Nigeria and countries like Ecuador and Chile should consider investing in renewable natural capital and intangible assets, like knowledge, innovation and institutions, as a way to diversify from oil, as their reserves are more likely to be depleted in less than 50 years.
This was revealed in a World Bank report titled “The Changing Wealth of Nations 2021” released yesterday.
According to the report, unless new oil wells are discovered, Nigeria’s current oil reserves will only last around 49 years, while gas still has over 100 years of reserves.
The report also noted that 18 countries still have oil reserves that will last for more than two generations and that some others have more than a century of reserves, but that “oil-producing countries like Nigeria and Ecuador could run out of oil. fully their oil reserves in less than more than 50 years at current depletion rates, assuming that no other major oil fields are discovered or become commercially viable. “
According to the World Bank report, many countries like Nigeria “with high rents from non-renewable natural capital have not invested enough to offset asset depletion. This is expressed in terms of negative adjusted net savings.
“This is true not only for oil-rich countries such as Iraq and Nigeria, but also for some mineral-rich countries such as Guinea and Sierra Leone. Negative adjusted net savings in these countries is a leading indicator of unsustainable wealth management. If it continues, it will have a negative impact on the value of future wealth.
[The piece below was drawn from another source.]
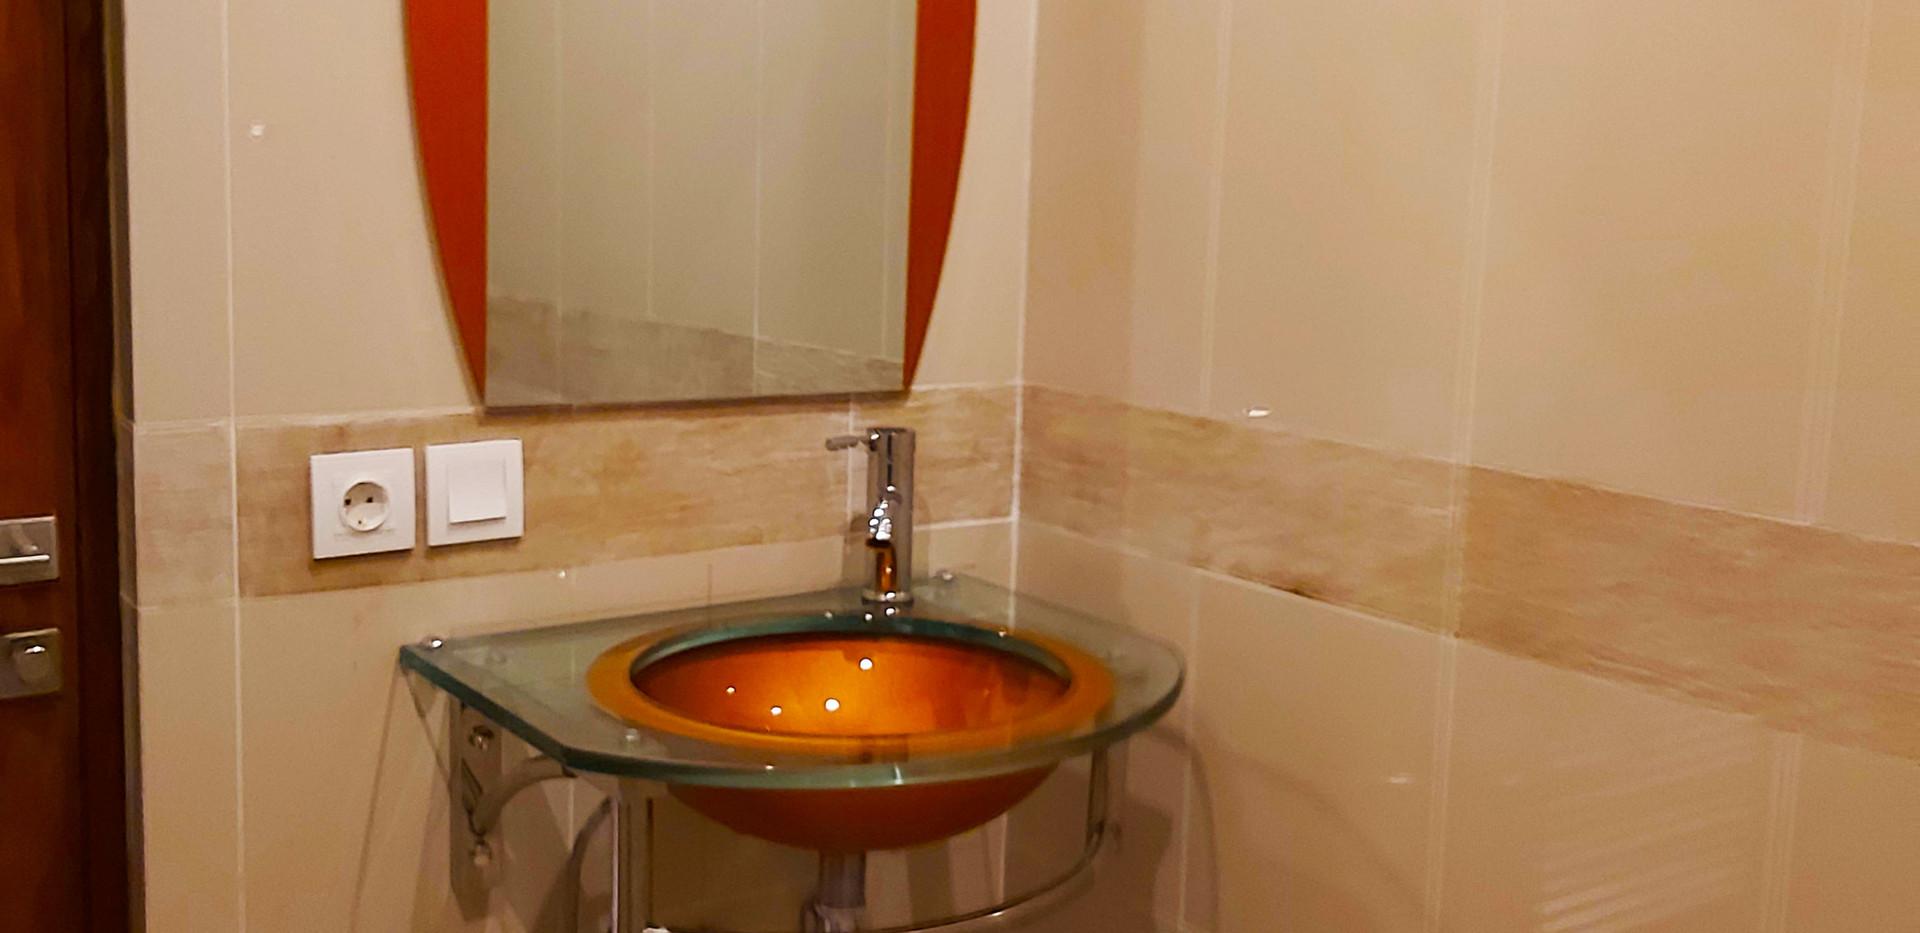 Marina Del Ray Resort Vanity Basin.jpg

“This is because the value of a non-renewable asset that runs out is consumed rather than being invested to compensate for the accumulation of assets, for example through human capital or investment in productive capital. Therefore, governments may need to consider policies that would better preserve and create wealth or seek other sources of income to increase their net savings. “
According to the report, investments in renewable natural capital and human capital could help countries diversify their asset portfolios and reduce their dependence on non-renewable natural capital.
He noted that the share of human capital in total wealth increased by more than 10 percentage points between 1995 and 2018 in Nigeria, the Democratic Republic of the Congo and Ghana while it either decreased or remained unchanged in the past. Cameroon, Gabon and the Republic of Congo. .
The report cites Gabon and Nigeria as examples of the decline of several types of wealth.
“Although their non-renewable wealth (mostly from fossil fuels) increased by more than 30% during the commodities boom from 2004 to 2014 (in part due to newly discovered deposits and rising fossil fuel prices ), this non-renewable wealth fell below pre-boom levels after 2015.
“At the same time, these countries have experienced one of the largest declines in renewable natural capital per capita. Gabon went from $ 1,400 to $ 1,200, and Nigeria went from $ 3,000 to $ 1,300 in less than five years. The decline in these assets has in turn affected countries. total capital per capita, especially after 2015.